Age Cut-offs, Limits, and Manipulations in Sports
By HLeveyFriedman on August 02, 2011
This past weekend I enjoyed watching the kick-off to the US women's gymnastics season at the Covergirl Classic, which featured the "comebacks" of Shawn Johnson and Chelsie Memmel, the continued dominance of Alicia Sacramone, and the debut of several new stars. Of course the veterans "coming back" are around 23-years-old, and the newcomers are 15. I also watched the first night of the FINA World Championships on Sunday as the US women took silver in the 4x100m free relay. There, again, a 16-year-old "newcomer" (Missy Franklin) performed well, alongside a 28-year-old "veteran" (Natalie Coughlin).Credit Image: © The Denver Post/ZUMAPRESS.com
These newcomers and veterans are preparing for the London Olympics, now a little more than a year away. Age always makes a good story in sports coverage (recall from the 2008 Games, for example, the prodigies, like Shawn Johnson, and the elder states[wo]men, like Dara Torres). But age is also often the source of controversy. For example, did the Chinese lie about the ages of their gymnasts to give them a physical advantage? We know they did in 2000, as did the North Koreans in 2004. You only have to look at pictures of the more womanly eighteen-year-old Nastia Liukin next to the sprite-like sixteen-year-old He Kexin to wonder if Kexin might actually be fourteen instead (you must be 16 during an Olympic year to compete in women's artistic gymnastics).
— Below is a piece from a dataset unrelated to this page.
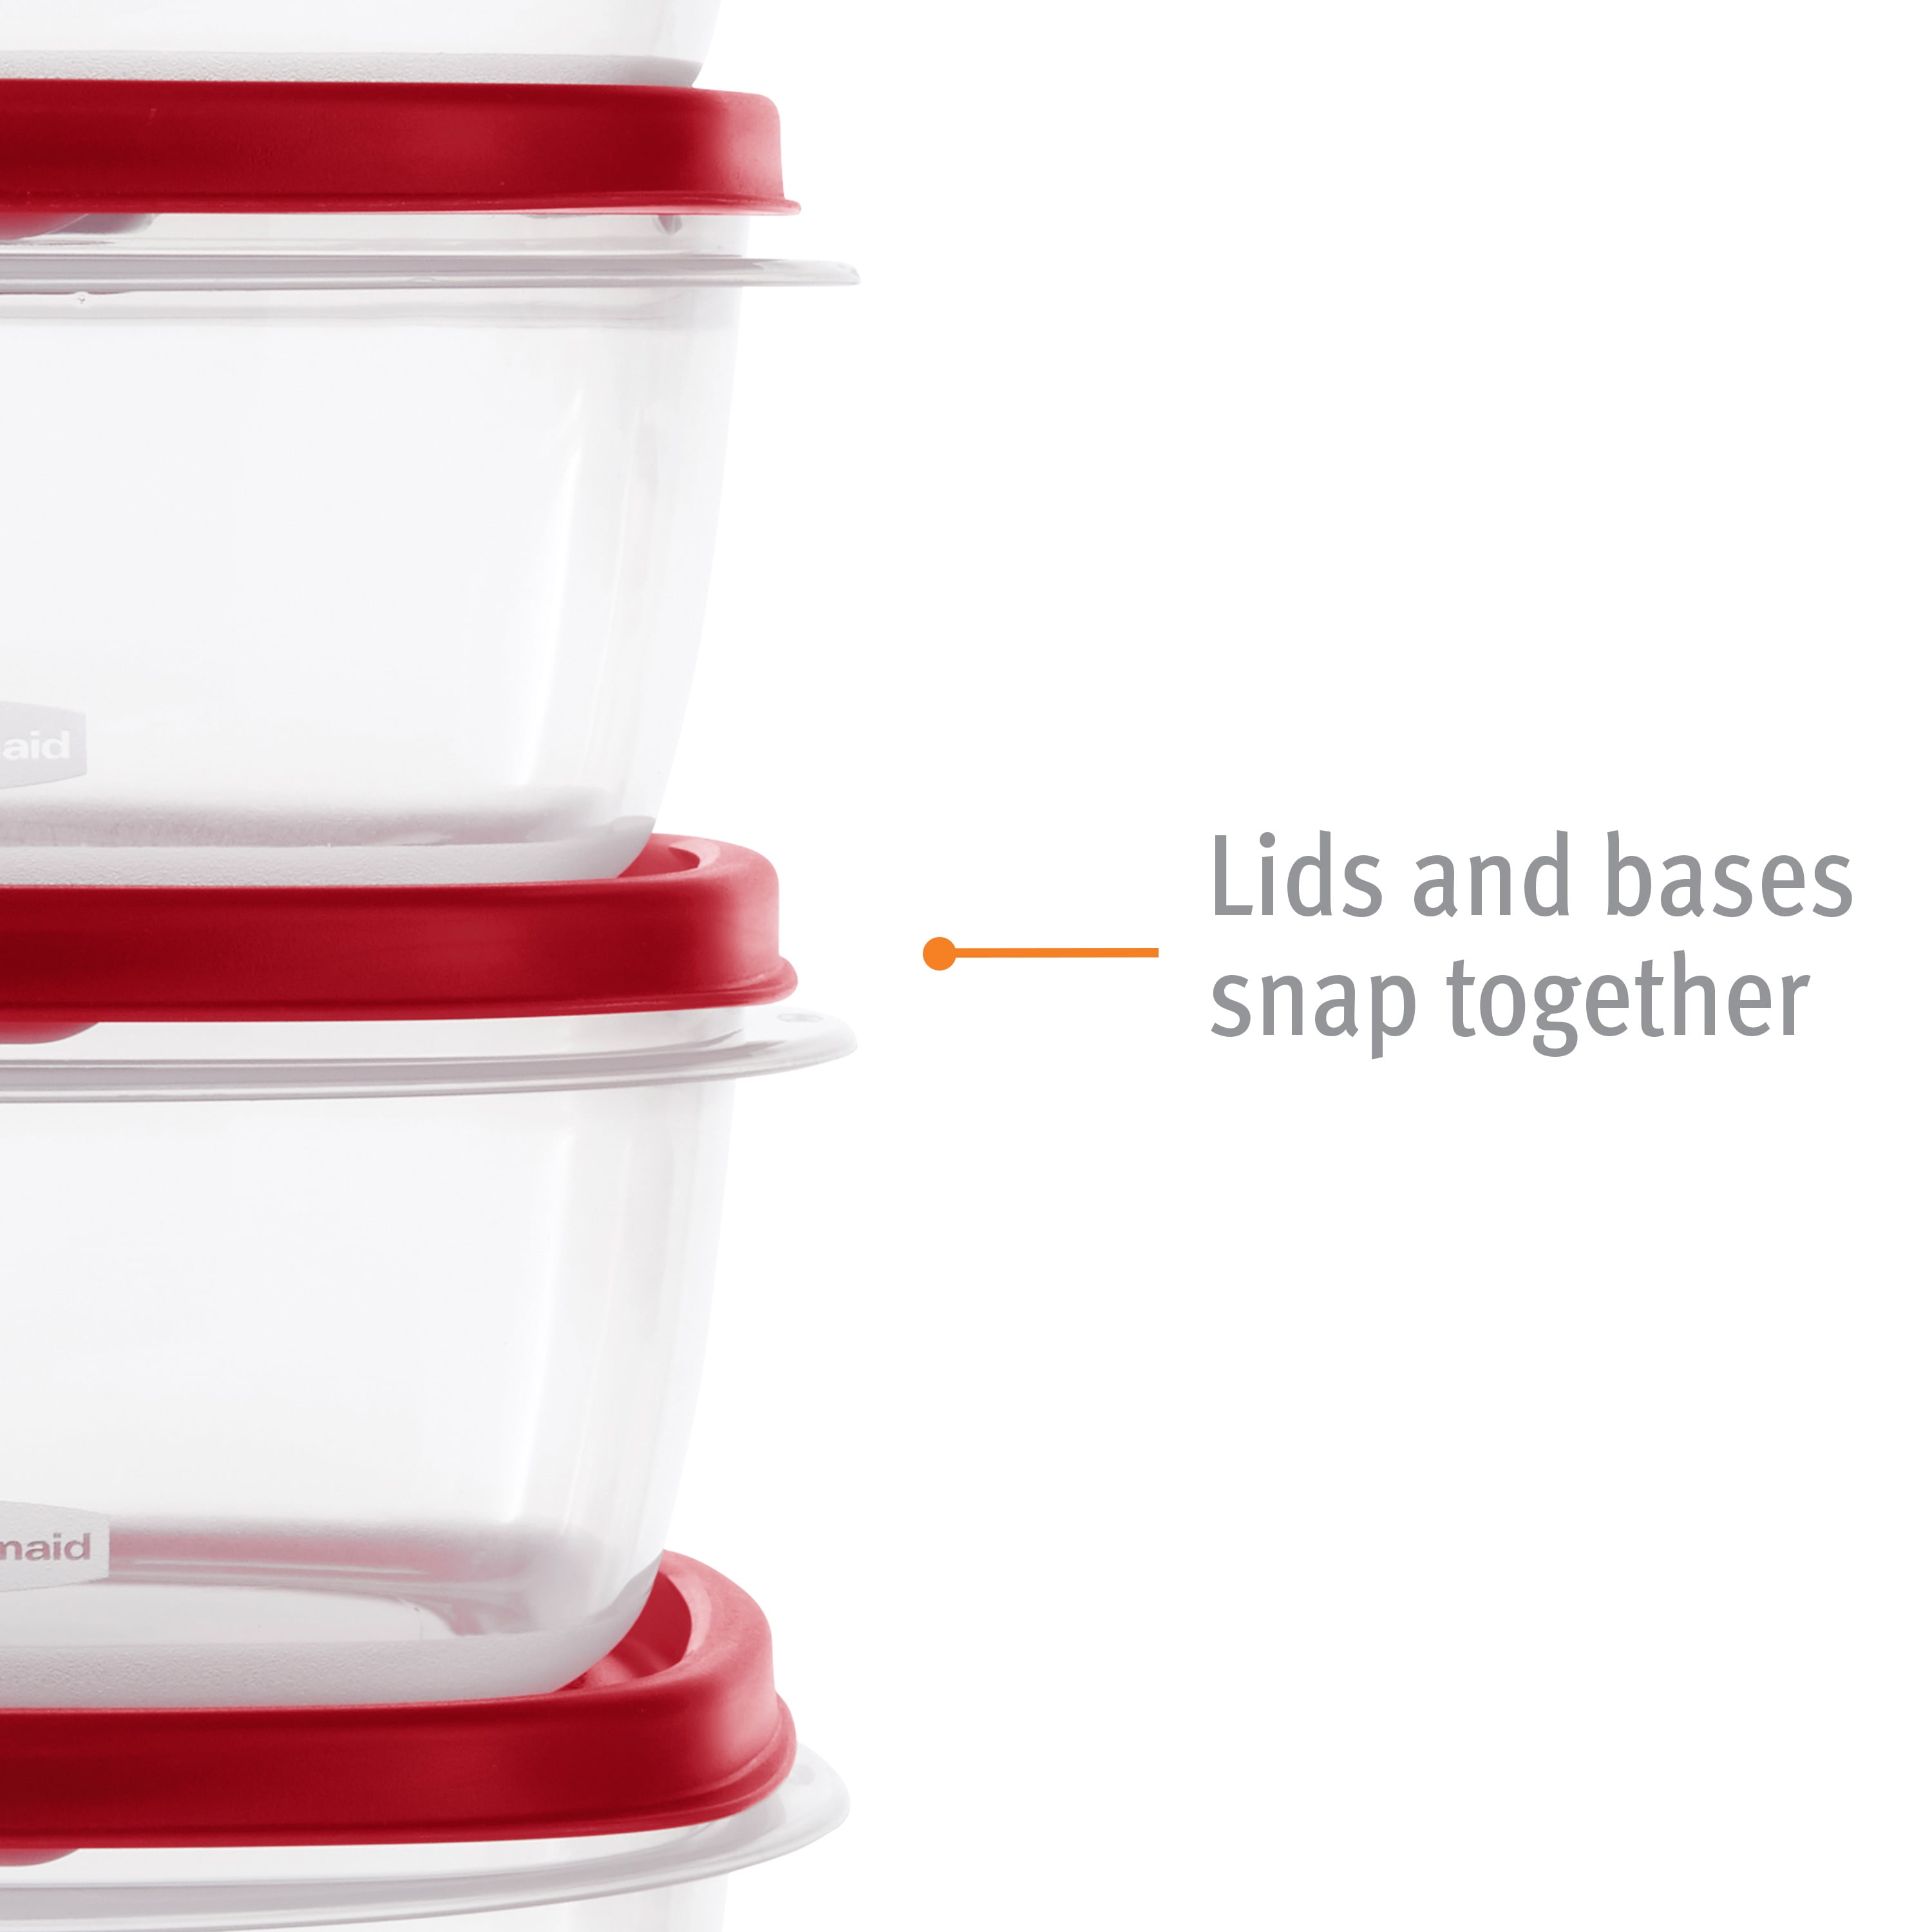 Rubbermaid 1777088 Food Storage Container 7 Cup Clear Base for sale online

Lest you think that age cut-offs, limits, and controversies are limited to elite levels of sport, look no further than your local soccer field or Little League diamond. Parents often lie about the age of their children to try to give them a competitive advantage. Perhaps the most notorious case of a parent lying about the age of a child was not in activities I concentrate on in my research (like chess, dance, soccer, and child beauty pageants), but in Little League baseball. In 2001, during the Little League World Series in Williamsport, Pennsylvania, Danny Almonte’s father and coach forged the boy’s identification papers, saying he was twelve. Danny was actually fourteen and hence ineligible to play Little League. After he pitched a no-hitter and lead his team to a third place finish, the deception was discovered and the team’s placement was stripped.
More recently members of the Ugandan Little League team were denied visas to enter the United States on the grounds that, "some of the visa applications included birth records that 'several parents admitted had been altered to make some players appear younger than they actually are.'” I am sure that this was a combination of poor records (note the last line of the New York Times article on the team: "'A kid may not know his birthday,' Stanley said. 'They don’t have cake and ice cream.'”) and parents hoping that their kids could get to the US and perhaps a better way of life. Nonetheless it's not right to lie about a child's age or to expect younger kids to compete against older kids no matter the circumstances. That said, it seems like parents/authorizes are most likely to LIE about children's ages when they come from poorer countries or repressive regimes (Uganda, Dominican Republic, China, for example); whereas more affluent parents, like those in the US, are more likely to manipulate their children's ages to give them the best advantages within a particular system.
Manipulation of age cases are less extreme, but do occur, and in a range of activities. In her work on girls’ softball Jennifer Ring says that savvy parents try to conceive to best complement their children’s sports “careers,” so a child will be older in their birth year. Other parents, like Almonte’s, simply tamper with birth certificates to give them an edge. This happened on the New England child beauty pageant circuit where I previously did research. A mother lied to multiple pageant directors, saying her daughter was three, but she was actually five. Being younger allowed her to qualify for, and to win, the "0-3 Grand Supreme" titles.
Giving children an edge in terms of age has the biggest effect in athletics-- what is known as the “relative-age effect." But it also happens when it comes to academics as well. In a practice known as “academic red-shirting,” parents of many children, especially boys, are held back from entering kindergarten; a handful of my chess boys were red-shirted in preschool or pre-kindergarten. As with sports, some parents will report “timing the conception of their children with [academic] redshirting in mind”. Notably, redshirting basically did not exist fifty years ago. This process would not exist today if there were not competitive consequences in being “behind” in the competitive hierarchy. This is additional evidence that there are now structures in place to help put kids in the best position to feed into a system of competitive positioning that is happening earlier and earlier in children’s lives.
Sometimes parents don't cheat per se—but they certainly game the system. Many of the parents and teachers I met had learned to manipulate competitive activity systems in order to maximize the chance of winning. For instance, some dance routines have younger children added to bring down the average age of the group (you hear talk of group ages on Lifetime's Dance Moms). Parents’ willingness to game the system across activities shows that they are often more concerned with their children winning, even in a manipulated system, than getting a fair outcome. The focus is often on winning at any cost, which is a lesson passed on to the children.